*EXERCISE*. From the line that has "Join us this" down to the last line of the data below, set down every line exactly, but none of the pictures.

*DATASET EXCERPT*.
-- -- --

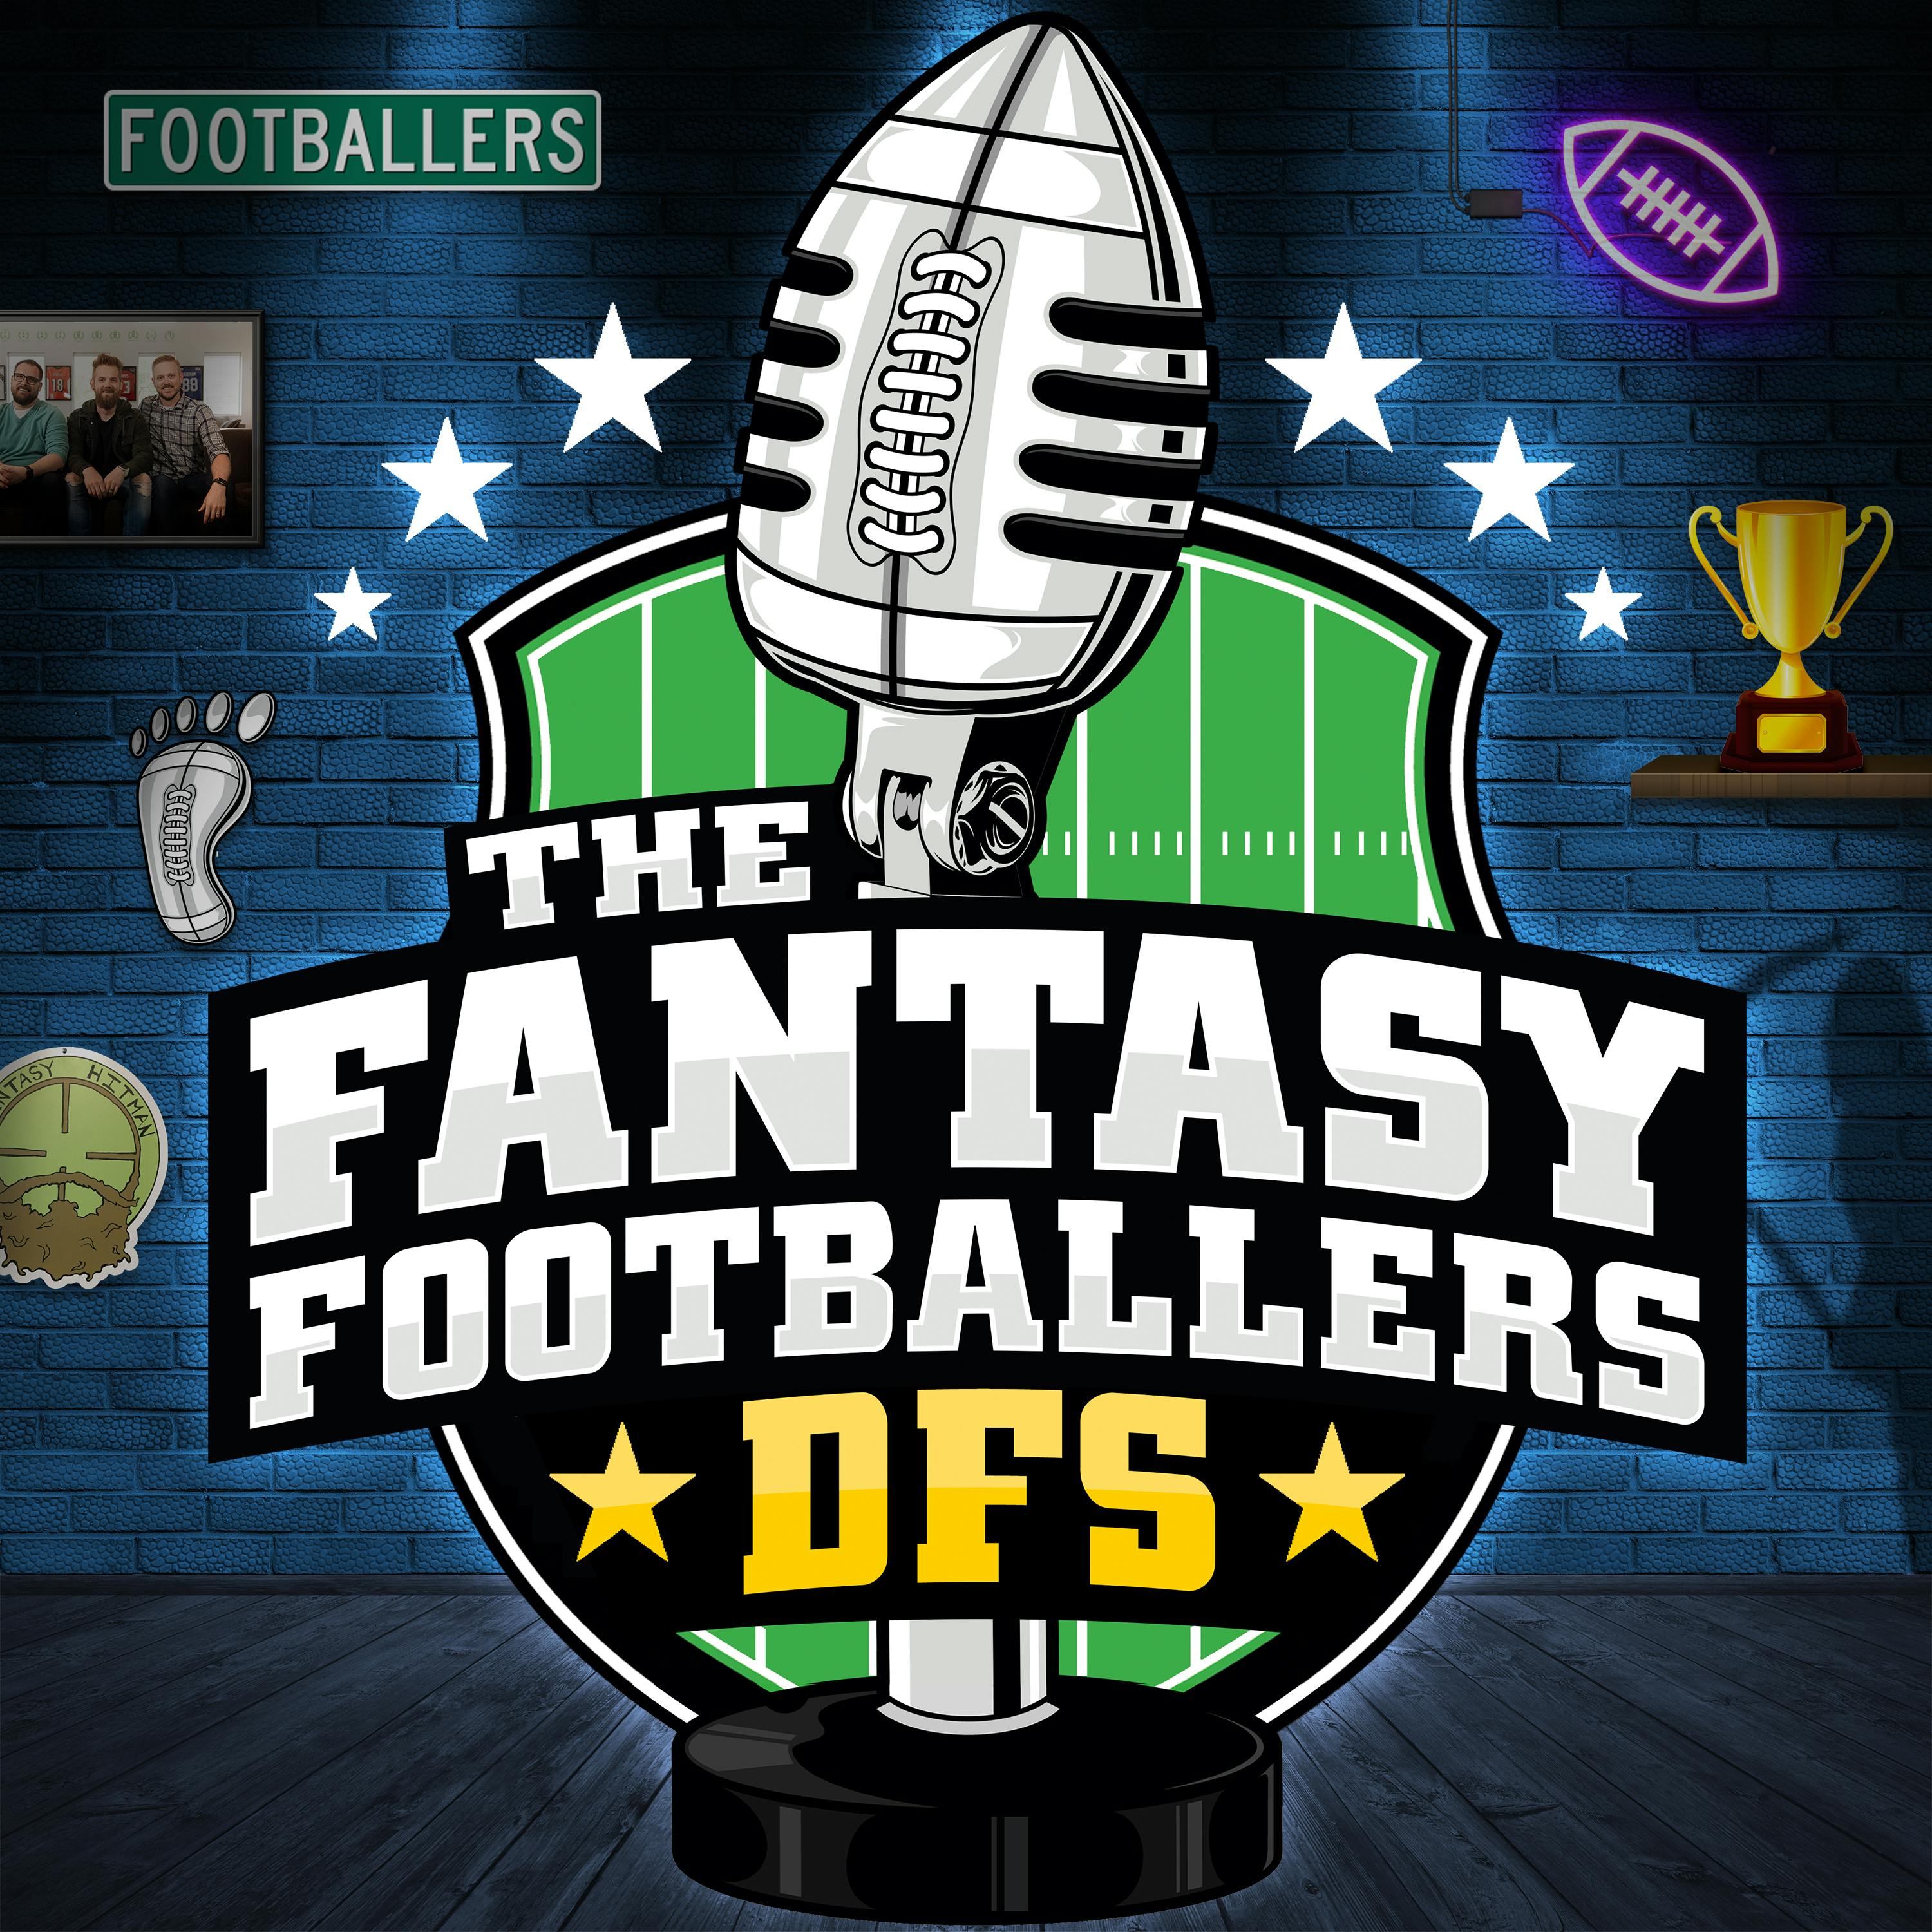 Conference Championship DFS Podcast - Fantasy Football DFS
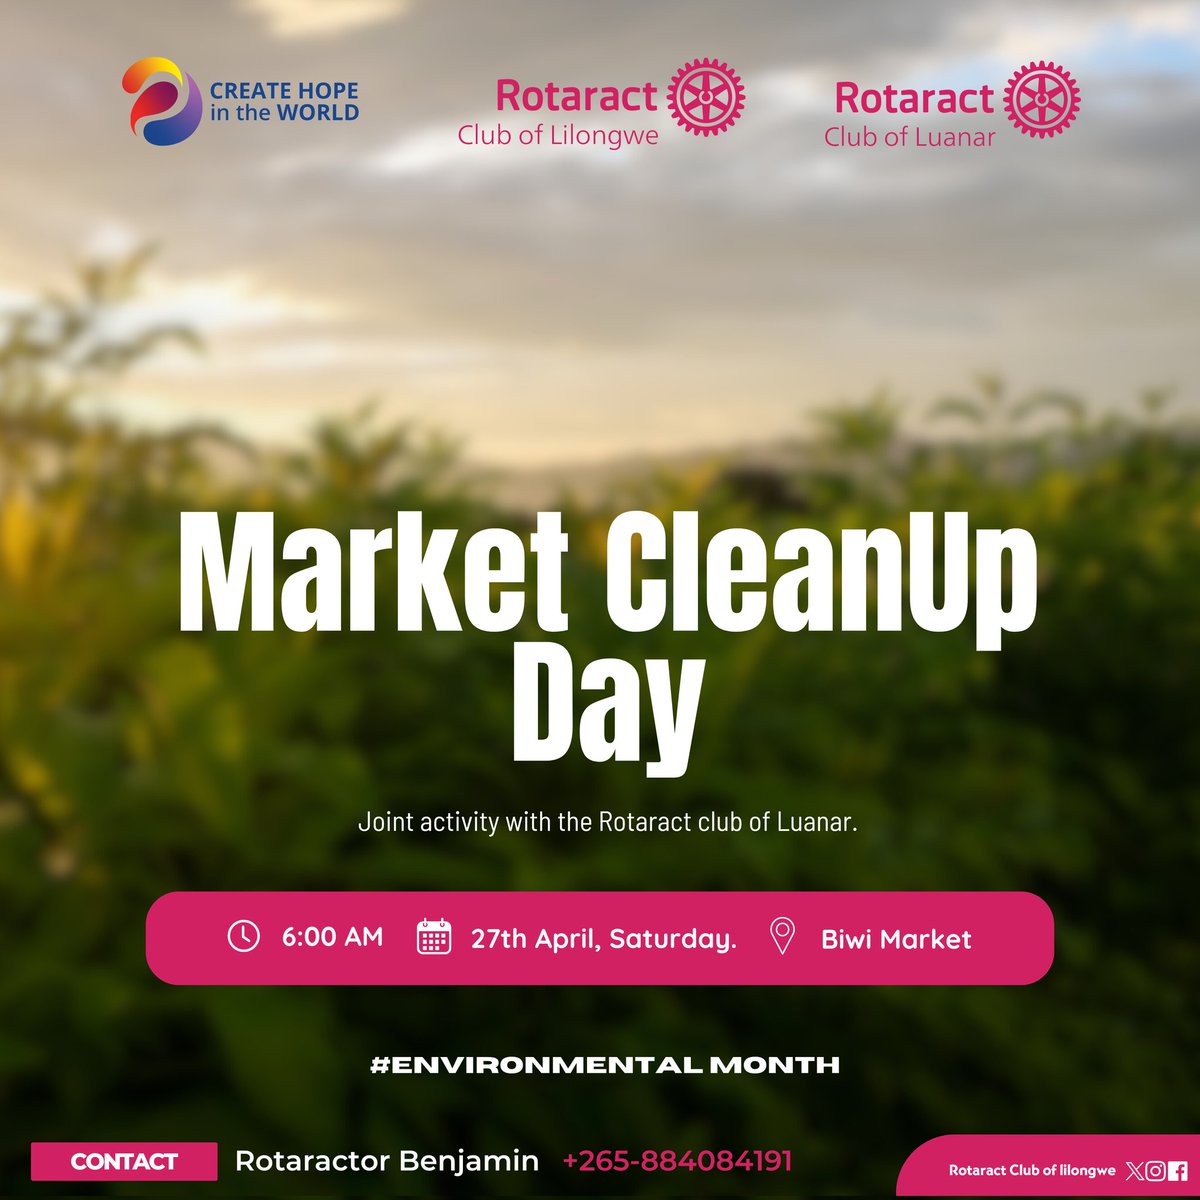 Join us this Saturday, April 27th, at 6 AM, as the Rotaract Clubs of Lilongwe and Launar CTC unite for a joint market cleanup at Biwi Market in Area 36! Let's make a difference together!!!

#EnvironmetalMonth #CleanUp #CommunityService #Rotaract

-- -- --

*FINAL ANSWER*.
 Join us this Saturday, April 27th, at 6 AM, as the Rotaract Clubs of Lilongwe and Launar CTC unite for a joint market cleanup at Biwi Market in Area 36! Let's make a difference together!!!

#EnvironmetalMonth #CleanUp #CommunityService #Rotaract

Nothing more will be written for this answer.